Defect Report #445

Submitter: Joseph Myers
Submission Date: 2013-07-23
Source: WG 14
Reference Document: N1731
Version: 1.1
Date: April 2014
Subject: Issues with alignment in C11, part 2

Summary

Issue 2: Contexts in which alignments are supported

6.2.8#2 defines "fundamental alignment": "A fundamental alignment is represented by an alignment less than or equal to the greatest alignment supported by the implementation in all contexts, which is equal to _Alignof (max_align_t)."

6.2.8#3 defines "extended alignment": "An extended alignment is represented by an alignment greater than _Alignof (max_align_t). It is implementation-defined whether any extended alignments are supported and the contexts in which they are supported. A type having an extended alignment requirement is an over-aligned type."

6.2.8#4 defines "valid alignment", saying "Alignments are represented as values of the type size_t. Valid alignments include only those values returned by an _Alignof expression for fundamental types, plus an additional implementation-defined set of values, which may be empty. Every valid alignment value shall be a nonnegative integral power of two.".

max_align_t is specified in 7.19#2 as "an object type whose alignment is as great as is supported by the implementation in all contexts".
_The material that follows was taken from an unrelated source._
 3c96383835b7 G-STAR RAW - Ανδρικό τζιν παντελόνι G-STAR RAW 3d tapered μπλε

The memory management functions in 7.22.3 are defined to return a pointer "suitably aligned so that it may be assigned to a pointer to any type of object with a fundamental alignment requirement and then used to access such an object or an array of such objects in the space allocated". In the case of aligned_alloc, there may be a stricter requirement given by the alignment passed to the function, but the alignment passed to the function can't result in memory any less-aligned than a fundamental alignment requirement. The alignment requirement still applies even if the size is too small for any object requiring the given alignment (see the response to C90 DR#075).
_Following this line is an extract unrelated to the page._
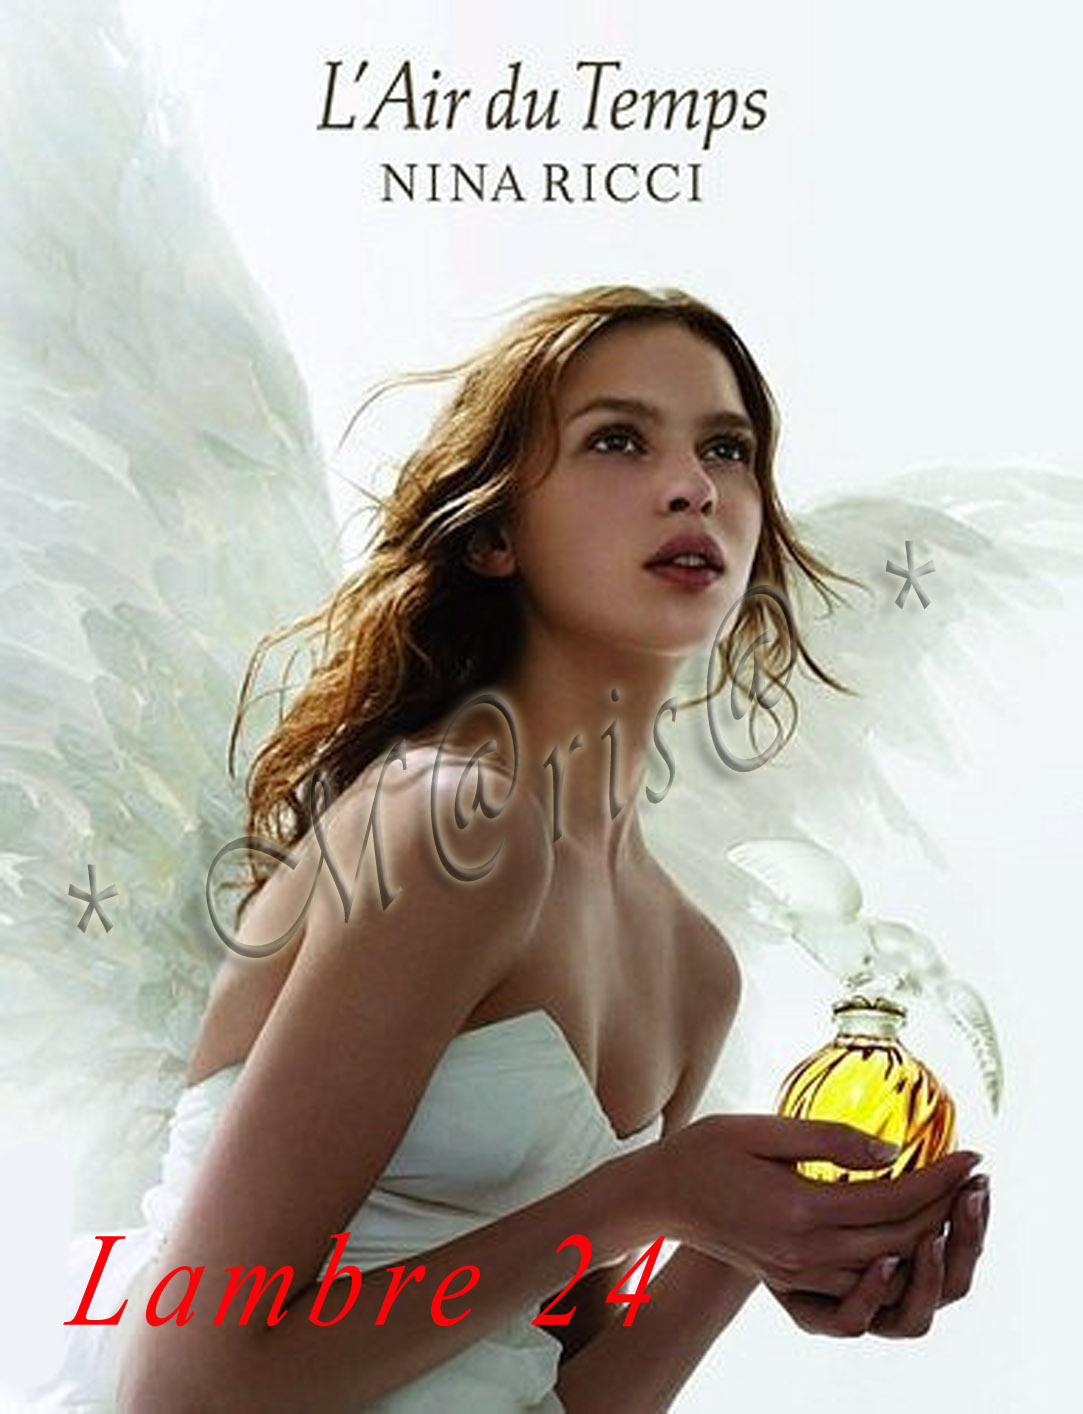 Реклама нина ричи 15 фотография

There are various problems with the above:

• The term "fundamental type" is not defined in C11.
• There is also no definition of what a "context" is in which an alignment might or might not be supported. In common implementation practice, separate contexts might be by the storage duration of the object (static, thread, automatic, allocated, with the last referring to the alignments guaranteed by calloc, malloc and realloc).
• A "valid alignment" may not be a "fundamental alignment". Thus, whatever interpretation is adopted for "fundamental type", nothing in the standard requires the alignment of a "fundamental type" to be a "fundamental alignment". For example, say "long double" is a "fundamental type"; it would seem nonsensical if declaring "long double" objects (in any context) failed to work, but nothing seems to require malloc to return objects sufficiently aligned for long double.
• Given these gaps in the definition, nothing in the normative text appears to imply footnote 57 "Every over-aligned type is, or contains, a structure or union type with a member to which an extended alignment has been applied.", although no doubt it reflects the intent.
• If "fundamental type" is interpreted to mean "basic type", that is not sufficient to resolve these lacunae. For example, if

  struct s { long double ld; }

  has an alignment requirement bigger than long double, it should still be possible to allocate memory for it with malloc, and the same applies to any typedef from a standard header that might also have a bigger alignment requirement than any basic type.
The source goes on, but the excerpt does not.